The council also decried its inability to monitor and investigate human rights violations across the country owing to interference from government agencies.

The killings were perpetrated by armed forces and most of the victims were buried in mass graves, reveals the statement.

The council calls on the federal, Oromia, and Southern administrations to ensure justice for the killings, which it says are the cause of social, psychological, and economic crises.

“It has become a culture that security forces in Oromia commit human rights violations and go unchecked. The impunity must end, and perpetrators must be held accountable,” reads the statement. “The federal and Oromia administrations must give due attention and work with residents in the region.”

Another statement issued on December 7 detailed that ‘EHRC has been unable to conduct its work due to the myriad of challenges being imposed by government bodies.’

The ministries of Peace and Defense, as well as the Tigray Interim Administration, have all failed to respond to requests for cooperation and support, according to the council. The statement reveals the council is unable to assess and investigate human rights violations committed during the northern war, as well as conflicts elsewhere.
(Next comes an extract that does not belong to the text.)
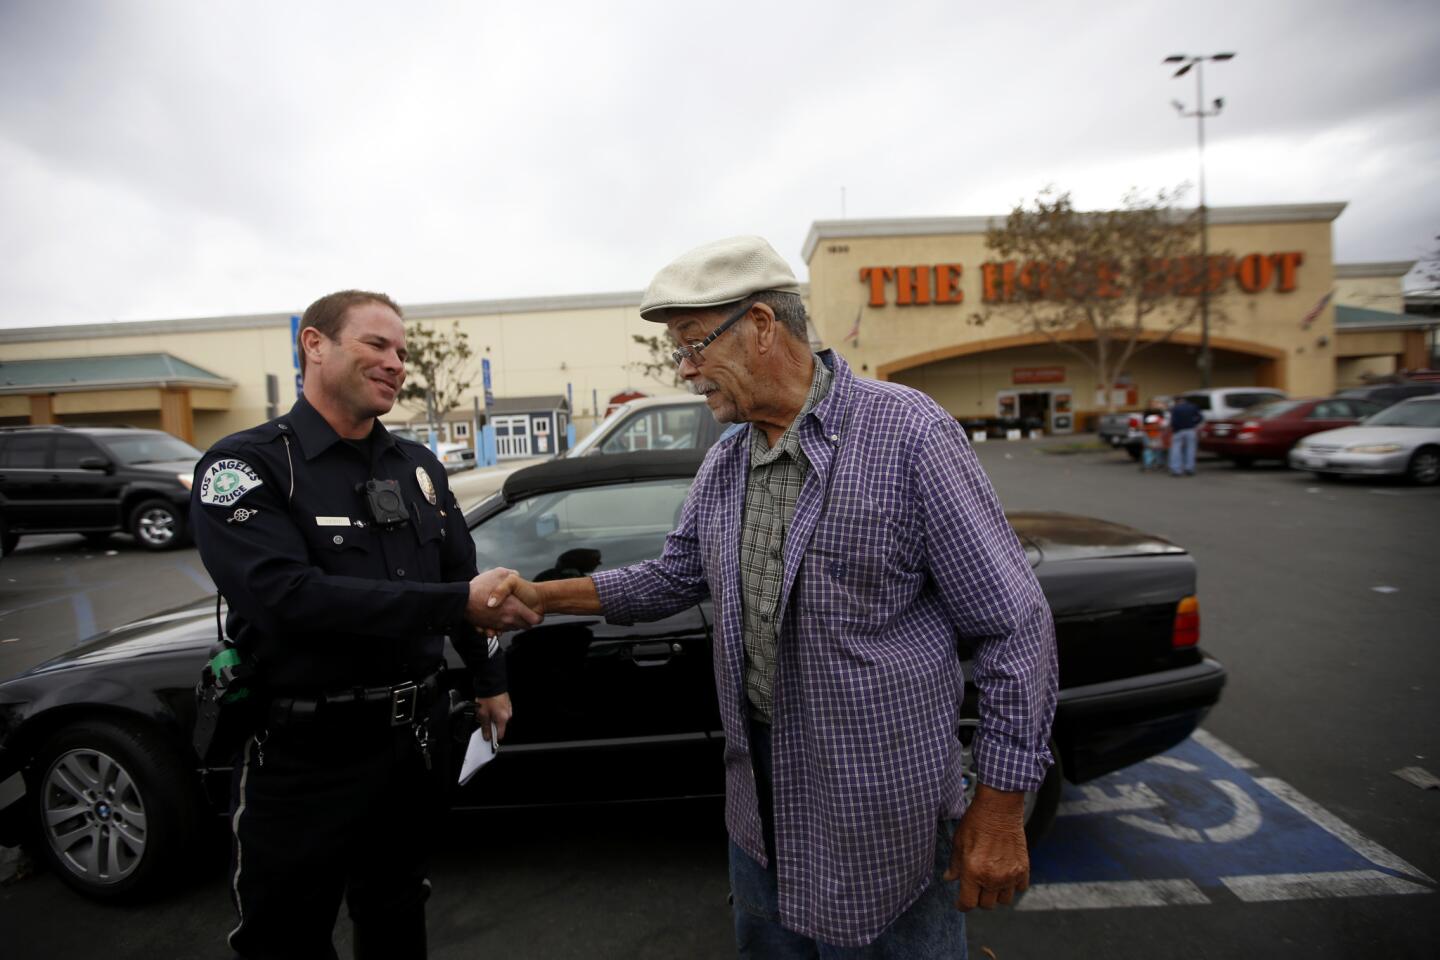 L.A. police Officer Ben Yasnyi, left, greets E. Lagemann, 80, after checking the motorist's disabled placard in a parking lot in South Los Angeles.

The Addis Ababa Police Commission, for instance, refused to allow the council to visit detention centers and penitentiaries under the City Administration. The Commission reportedly refused to accept a letter from the council requesting a visit.

The Federal Police Commission did the same, as did the Oromia Detention Centers Commission and the Oromia Police Commission, according to the statement.

EHRC’s requests for permission to monitor and investigate rights violations committed against journalists detained in informal prisons in Awash Arba, members of opposition parties, and other political figures under police custody have also been denied.

The council says, meanwhile, it is garnering information of an ‘escalation of human rights violations in informal detention centers’.

The council urged the federal government to move all detainees held in informal prisons including Awash Arba to formal prisons or police stations.